Pocas formas tan bobas de iniciar una conversación de pasillo como decir “qué calor está haciendo, ¿verdad?”. No obstante que soy consciente de ello me es inevitable resbalarme y soltar esta memez a la menor provocación. Y es que tanto en la comunicación interpersonal como en la física térmica el calor ayuda a romper el hielo.
Los calores de mayo en tierras jaliscienses nos unen en un clamor que cada año es mayor: que ya lleguen las lluvias.
Parece que el proverbial clima eternamente primaveral de Guadalajara, con el paso de los años, se ha ido fundiendo en el horno de la urbanización y del presunto calentamiento global. La fama internacional de una ciudad templada todo el año está quedando sepultada bajo edificios y pavimento.
Yo nací en Veracruz y viví feliz mi infancia y mi adolescencia en los climas extremos de Sinaloa y Sonora, donde los calores, especialmente en mi querido Hermosillo, con temperaturas de hasta 50 grados, son para que se cuezan los huevos en la calle -a aquellos de mente impía les aclaro que los huevos referidos son los de gallina que la gente ociosa suele estrellar en las banquetas ardientes para ver cómo se cocinan- y sé por ello que un termómetro tapatío que marca 30, 32 o 34 grados centígrados no es una señal del Apocalipsis, pero a nosotros, los malacostumbrados habitantes del verde Valle de Atemajac y cercanías, nos hace sentir que bailamos sobre brasas en el averno mismo.

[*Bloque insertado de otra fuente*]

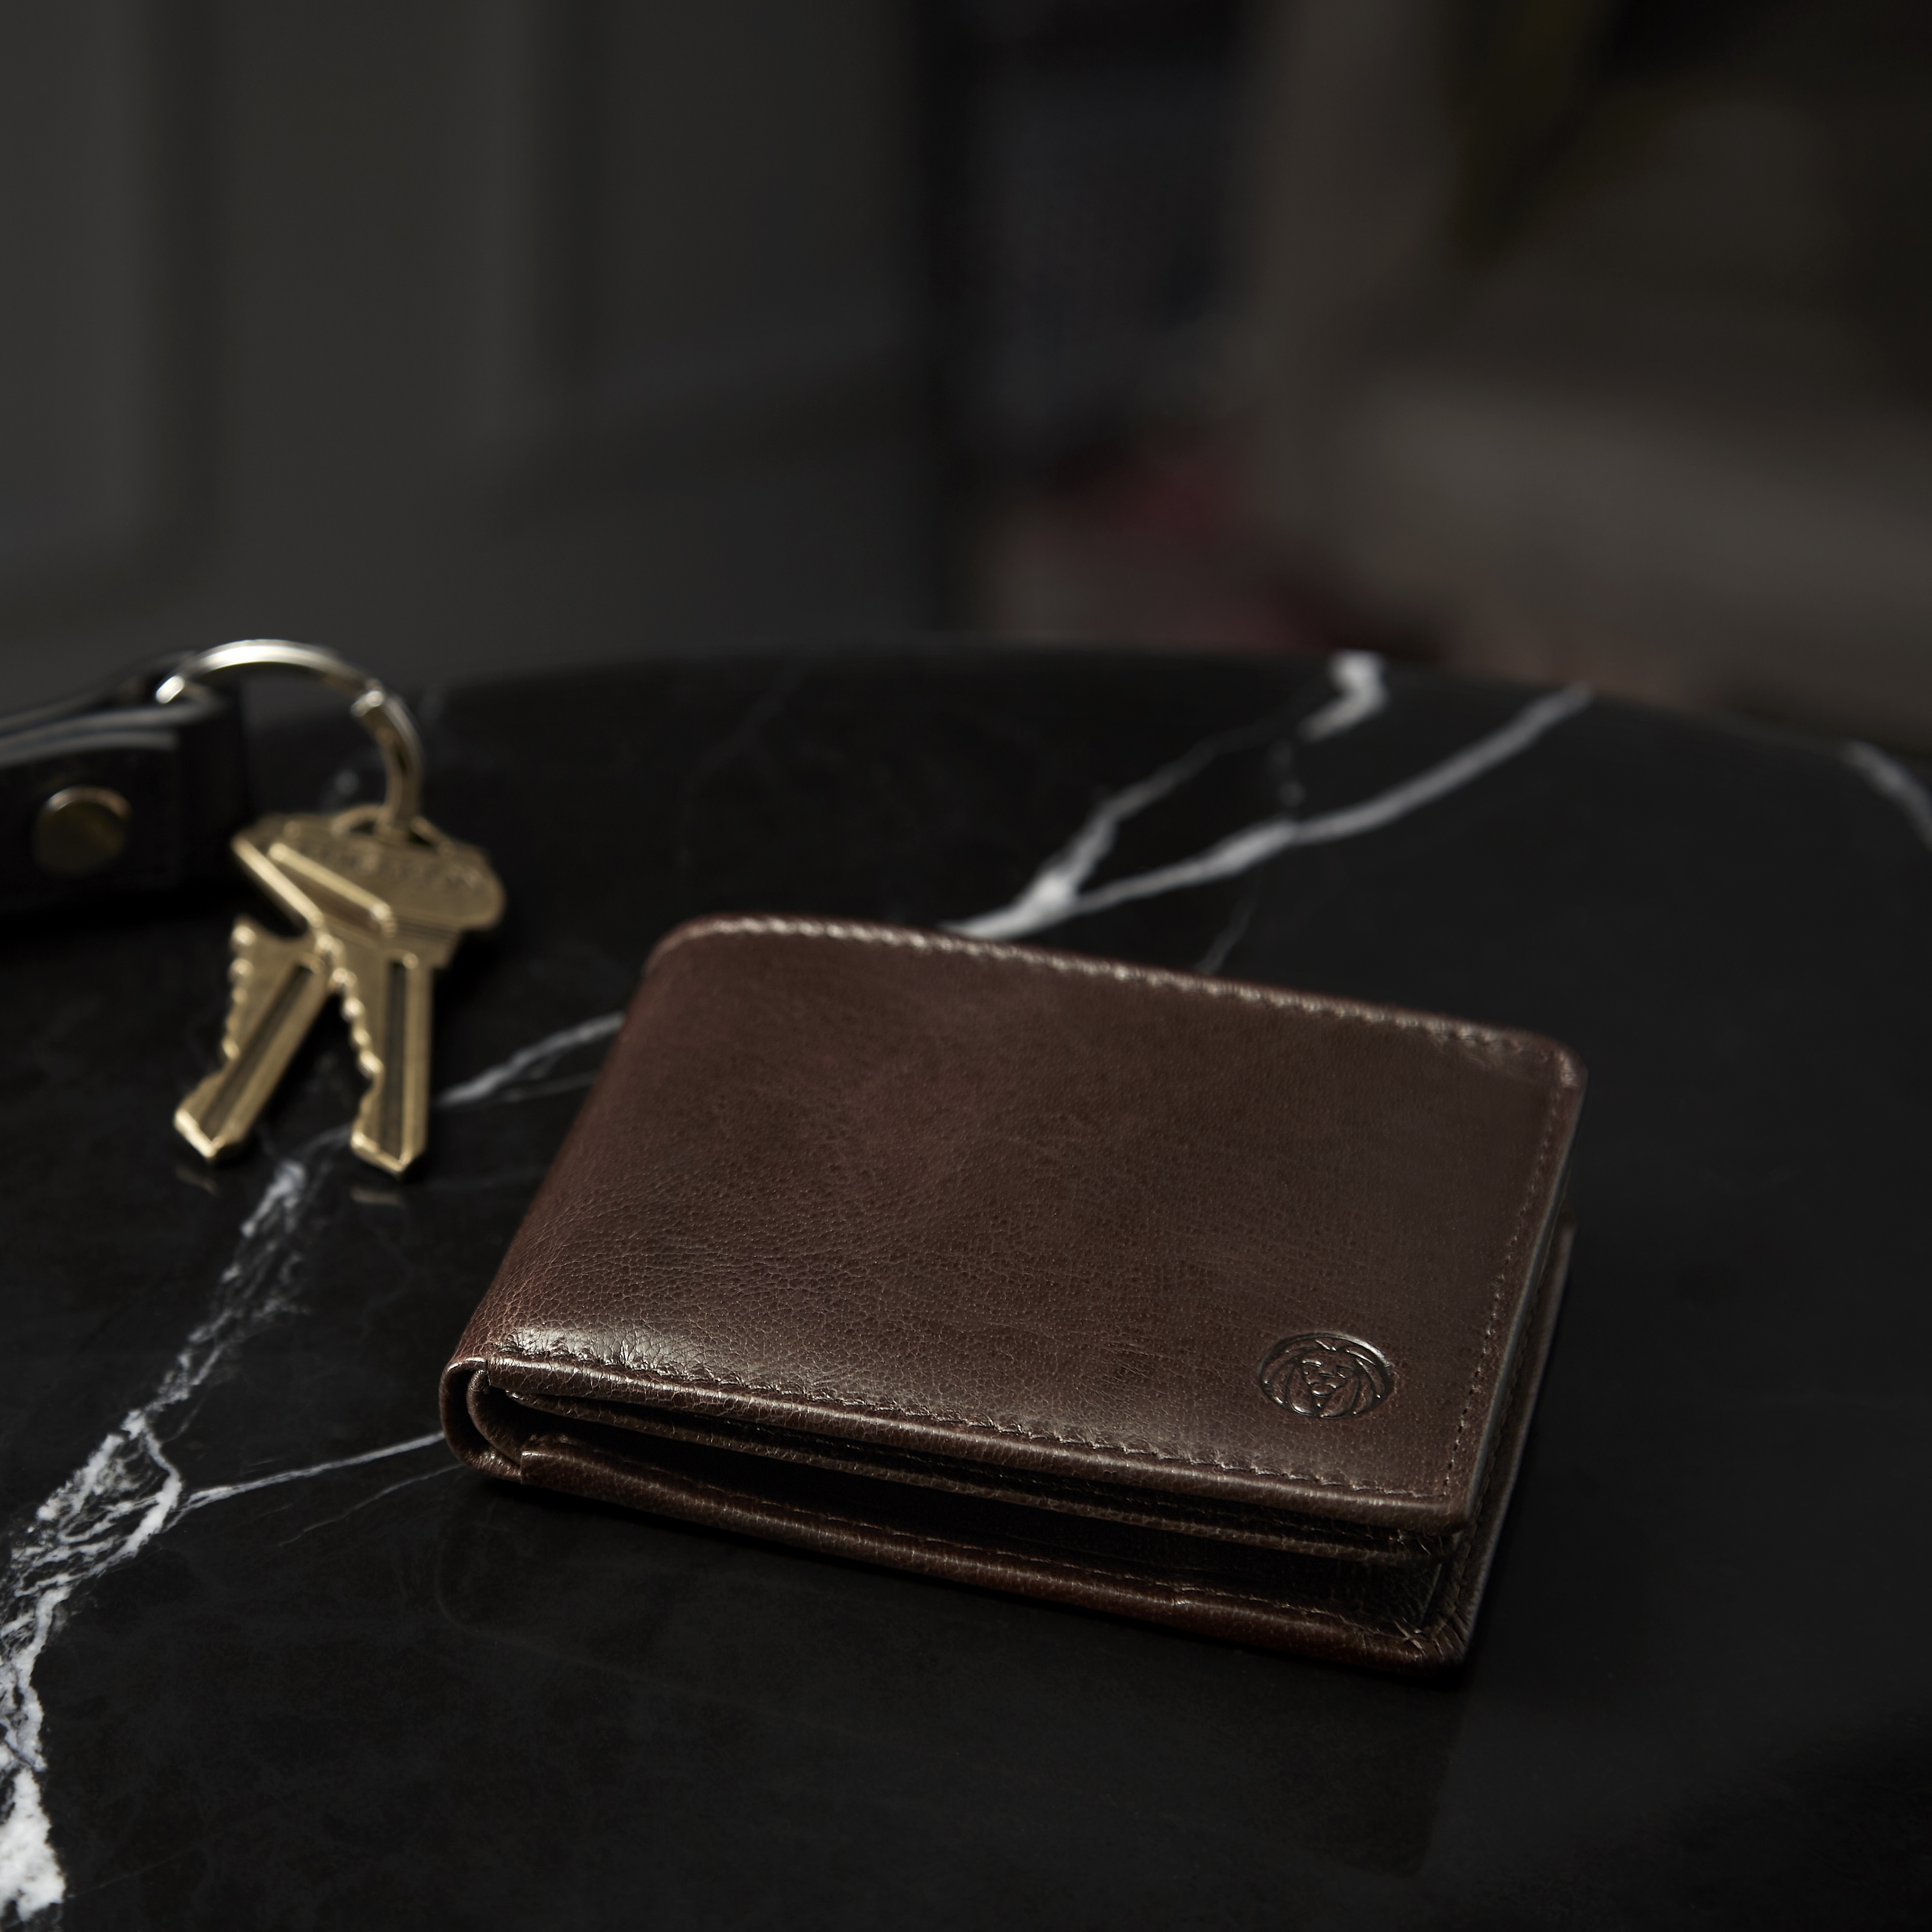 Leather Wallets for Men: 4 Special Features You Should Look For

Será que en mi casa -que también es la casa de ustedes, pero sobre todo es del banco que me prestó el dinero para comprarla- no tenemos las instalaciones adecuadas para hacerle frente a los días bochornosos. El equipo de aire acondicionado que tengo en mi recámara lo uso poco porque por un lado me genera frescura, pero por el otro un ardiente y abultado recibo de luz. Este aparato consume más electricidad que quesadillas el pequeño Santiago, mi vástago en vías de desarrollo. Y eso es ya mucho decir. A propósito de este candente tema -no el de las quesadillas sino el del calor-, en su colegio suspendieron las clases vespertinas para que las criaturas no sufran los azotes de la despiadada canícula tapatía.
Será que mi recámara es muy caliente, pero para mí las noches son de sofoco. Soy de sueño ligero y me despierto con el vuelo de una mosca. En mi cama el calor me tiene dando vueltas sobre mi propio eje y cambiando de lado la almohada. Prendo el ventilador y parece que lo que accioné fue una secadora de pelo. Al despertar, siento que no descansé lo suficiente.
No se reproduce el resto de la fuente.